[Task directions]
Return each line exactly, beginning with the one that has "Dermofuture Facial Massager" and finishing with the final line of the material. Drop any pictures.

[Dataset excerpt]
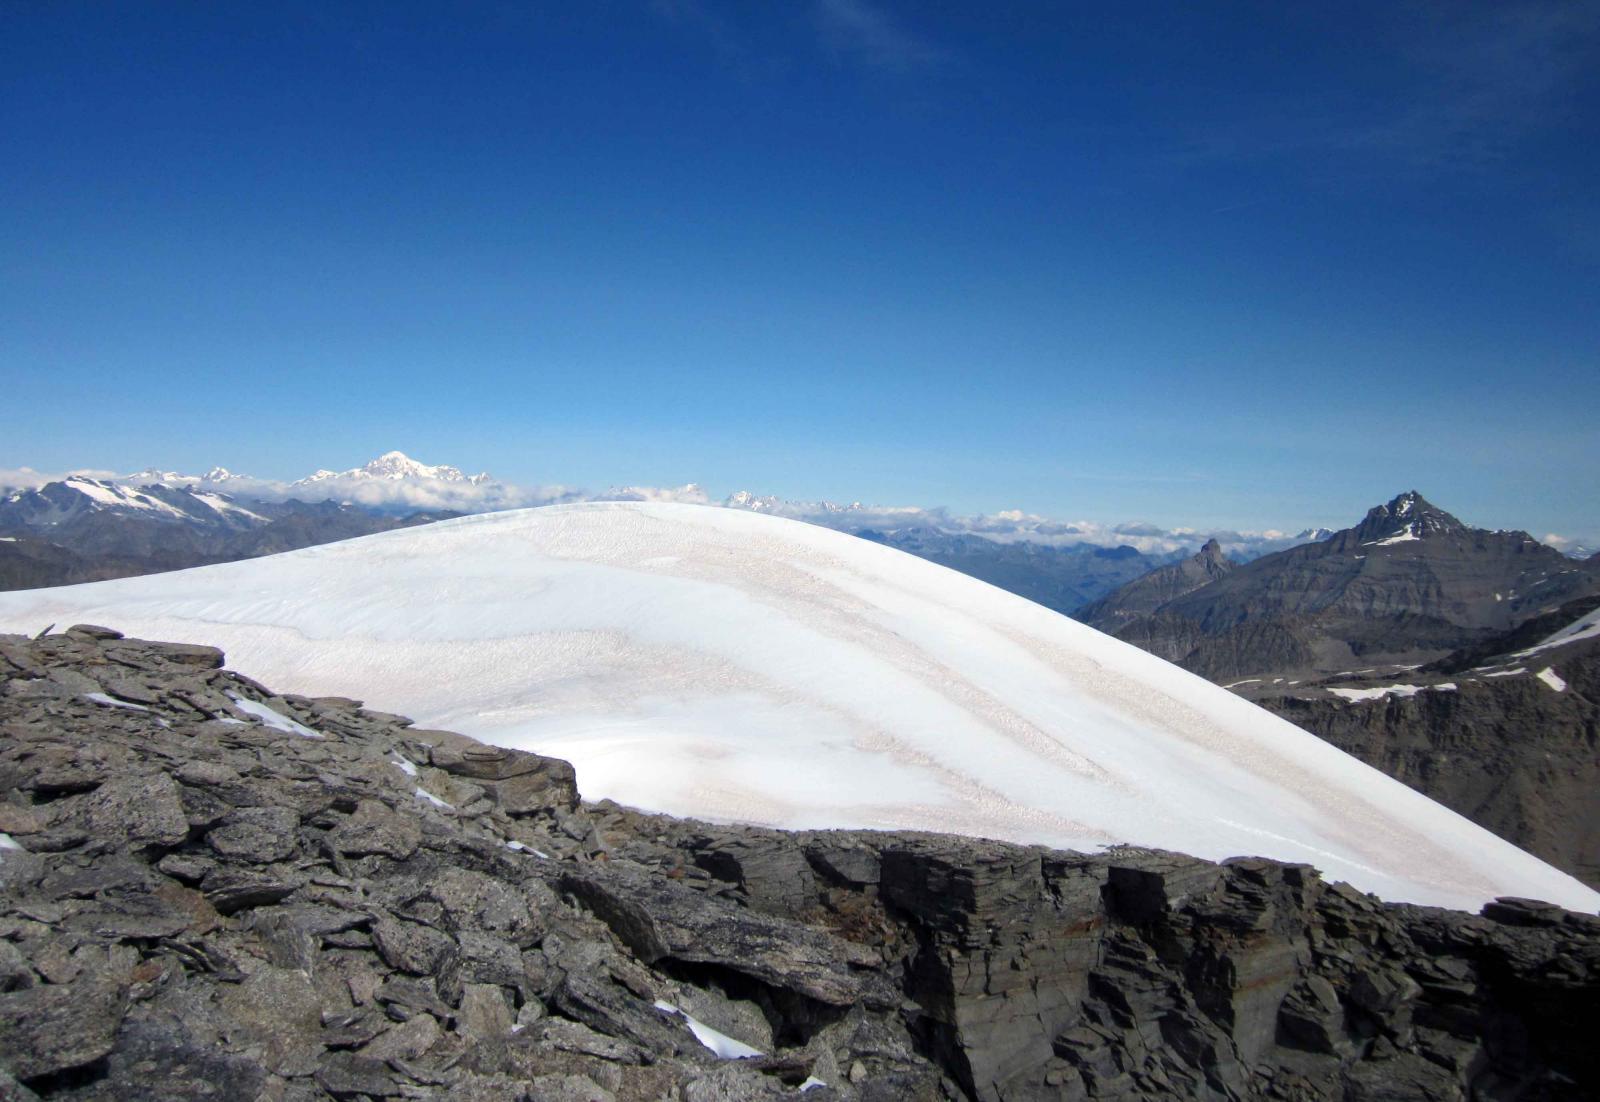 calotta glaciale: c'è anche un piccolo laghetto
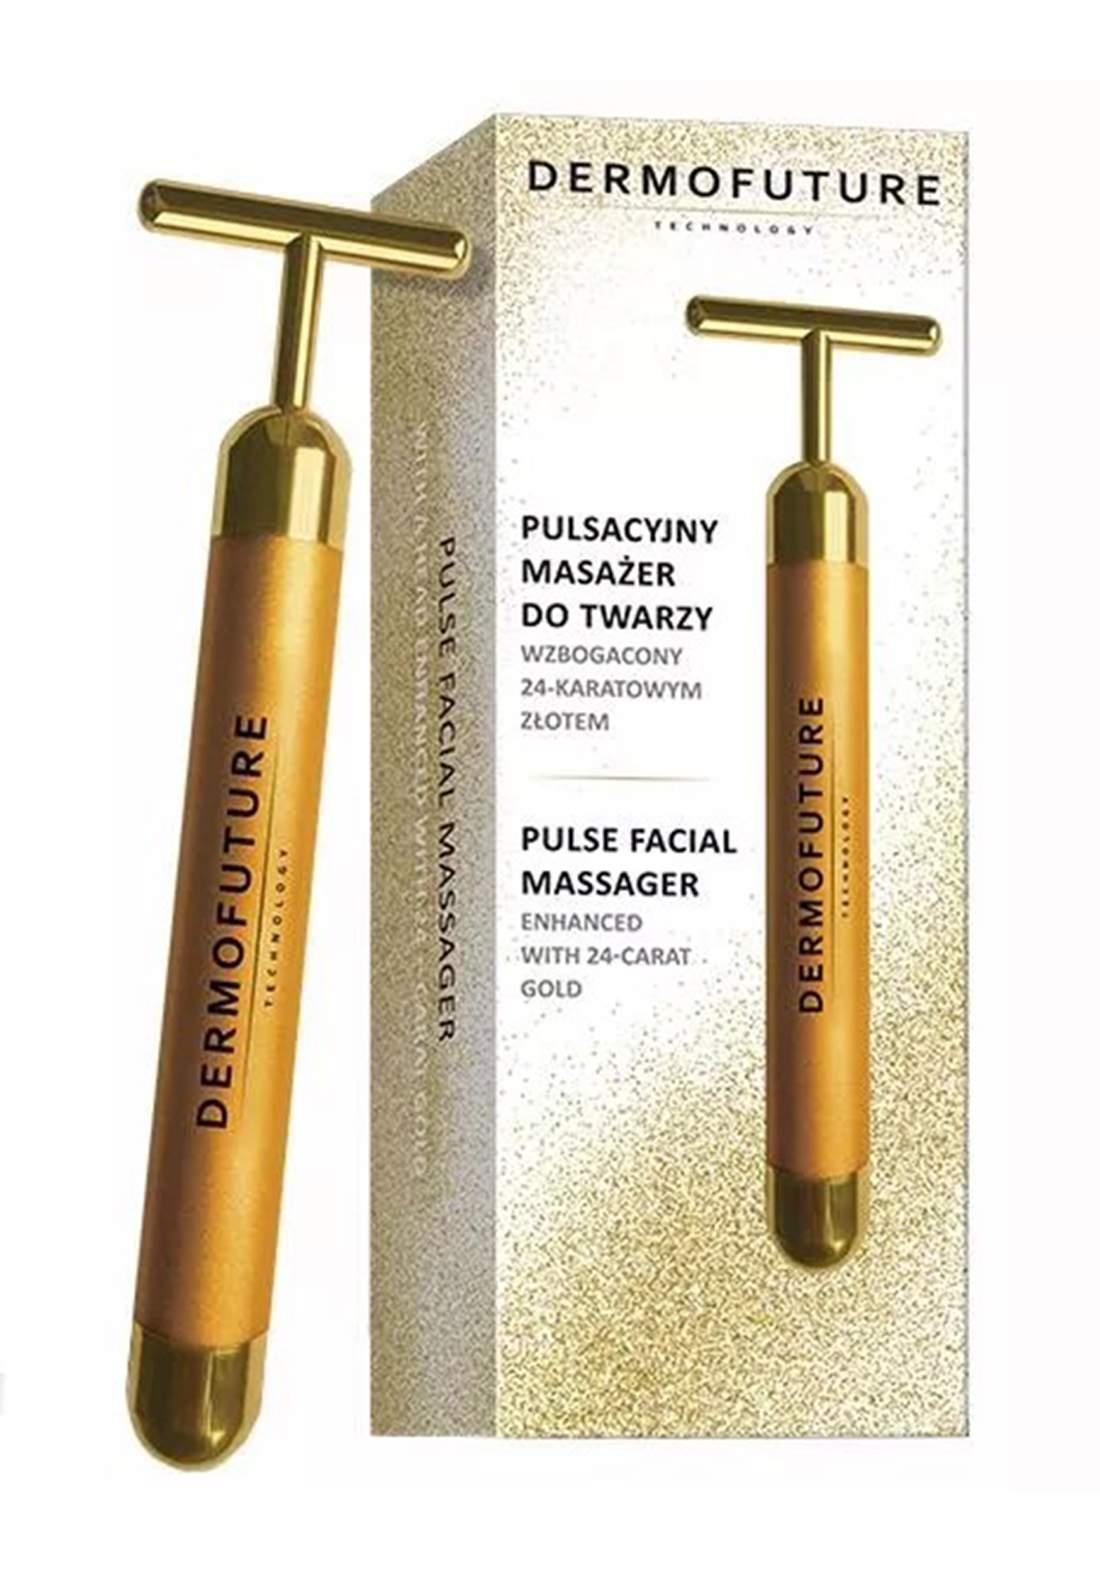 Dermofuture Facial Massager جهاز المساج النبضي
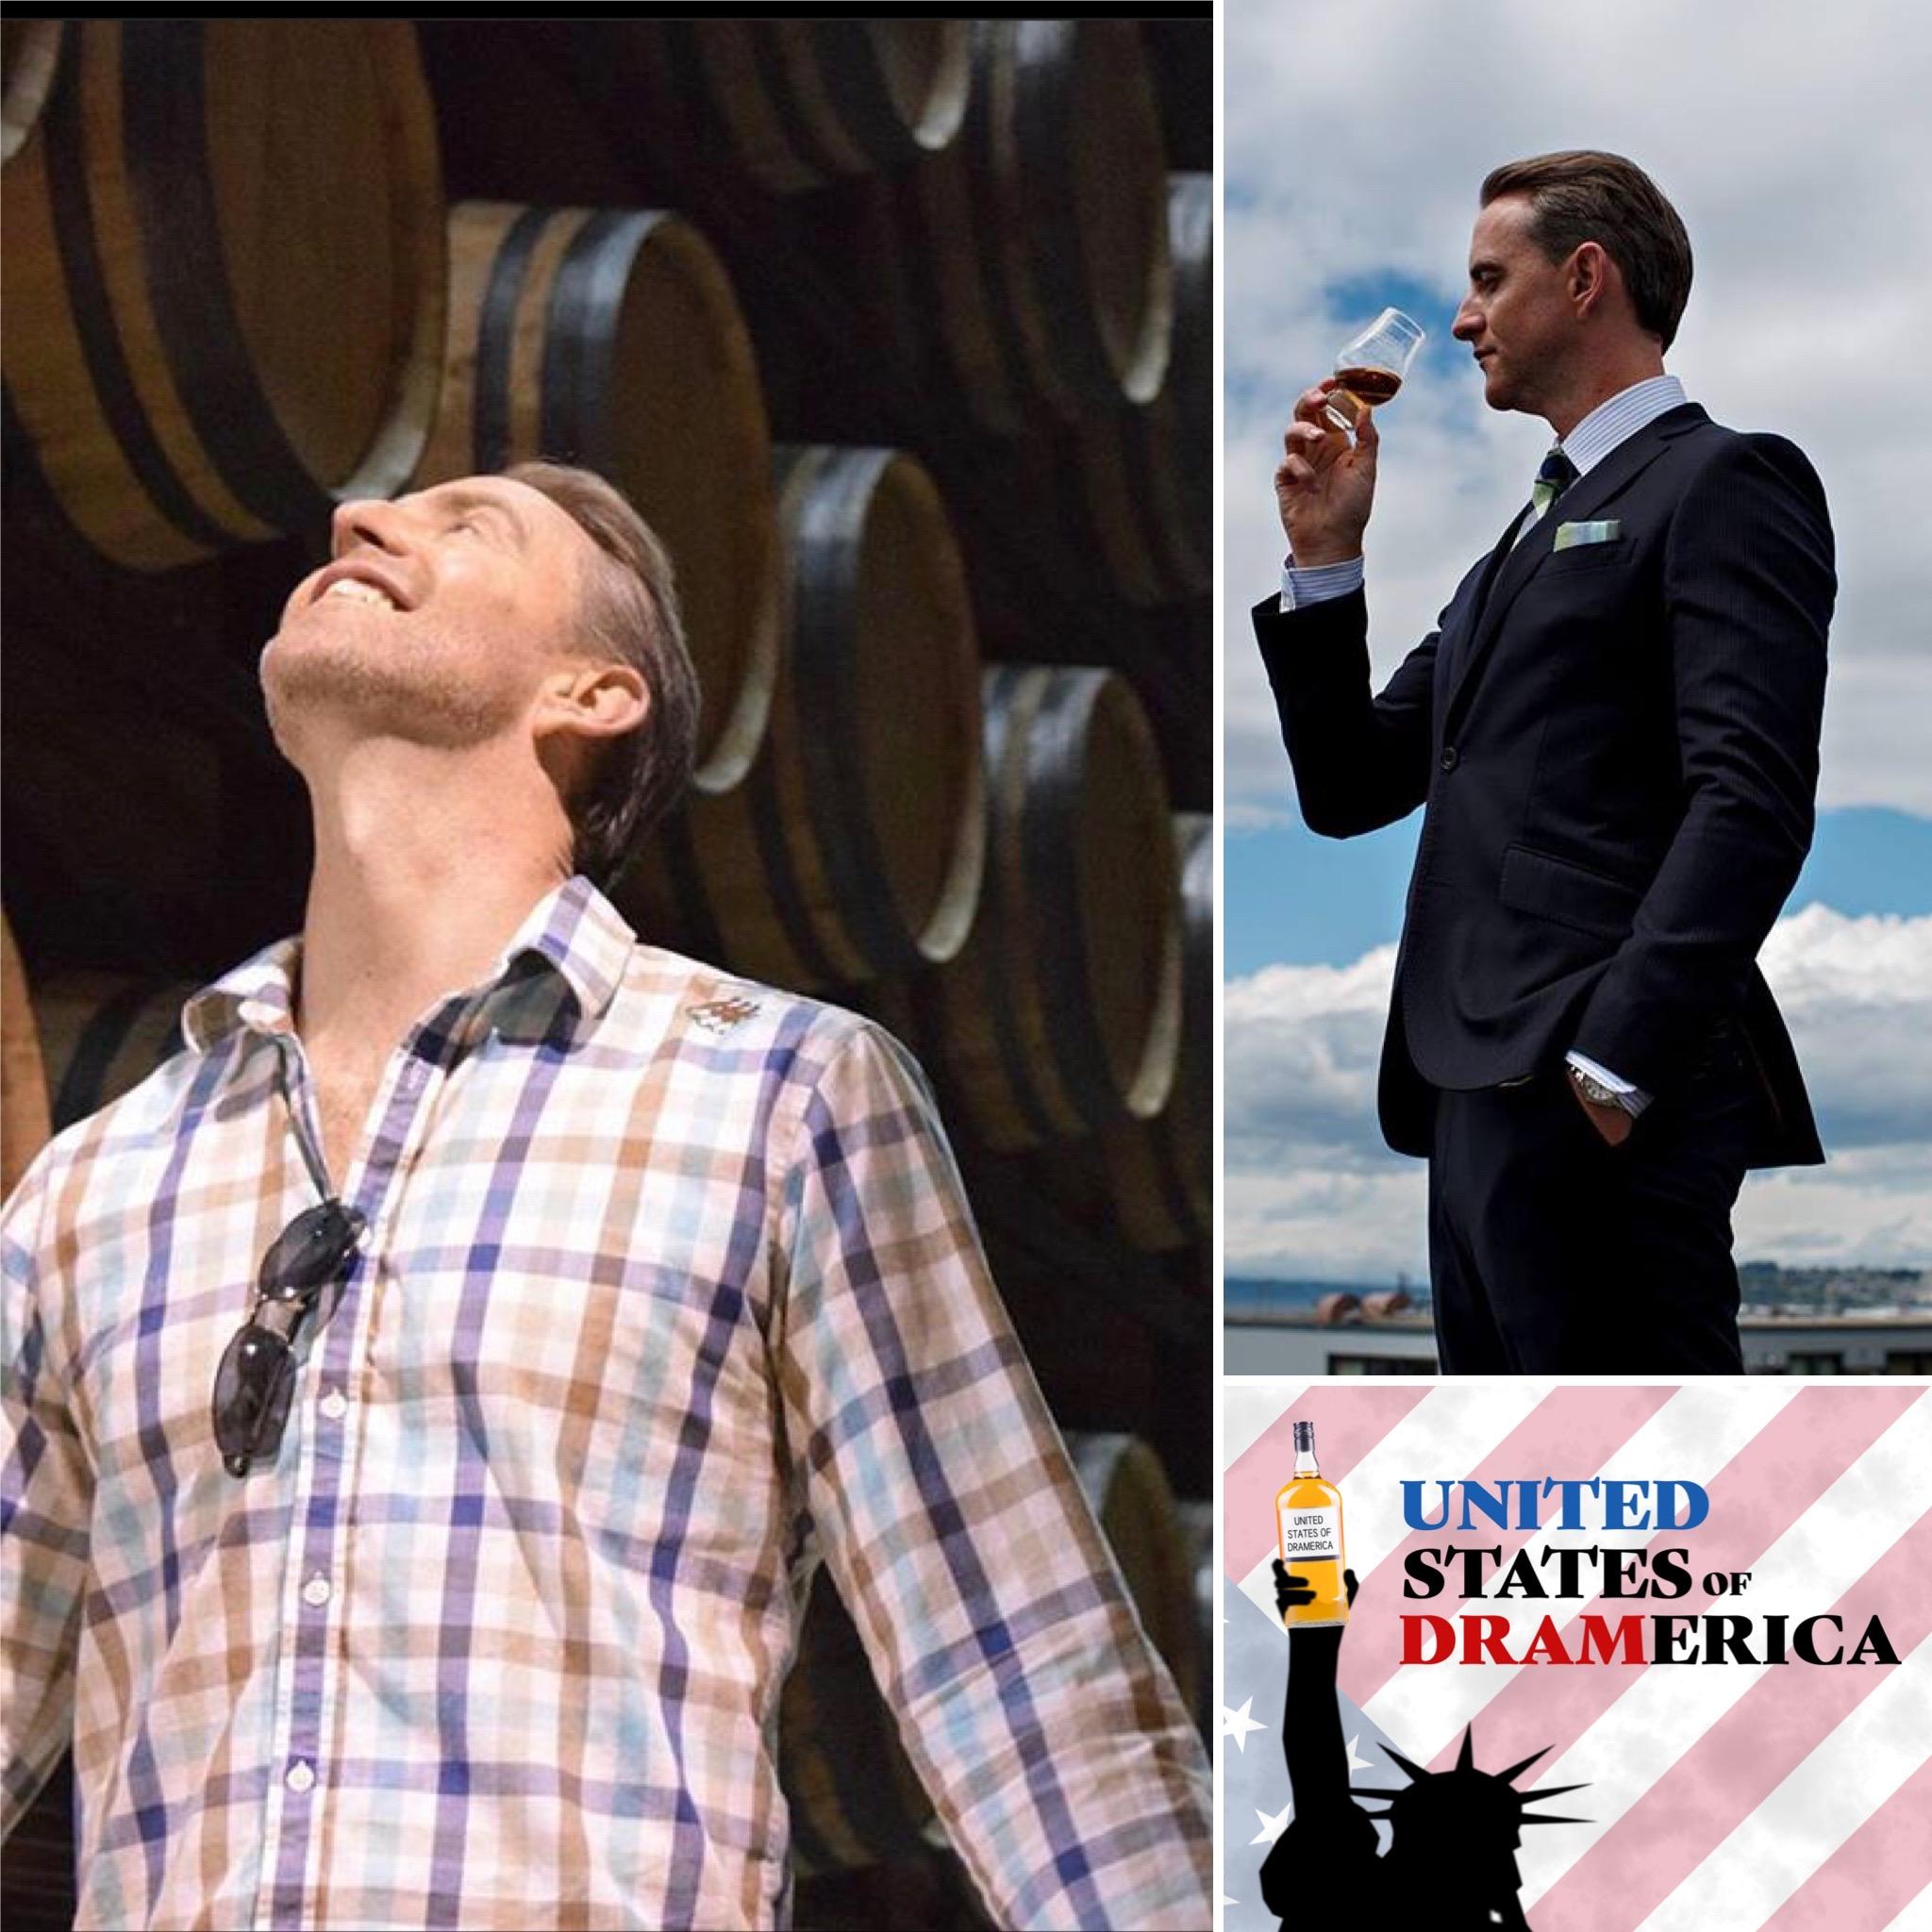 Episode 42 - David Laird, luxury whisky specialist

[Exercise result]
 Dermofuture Facial Massager جهاز المساج النبضي
 Episode 42 - David Laird, luxury whisky specialist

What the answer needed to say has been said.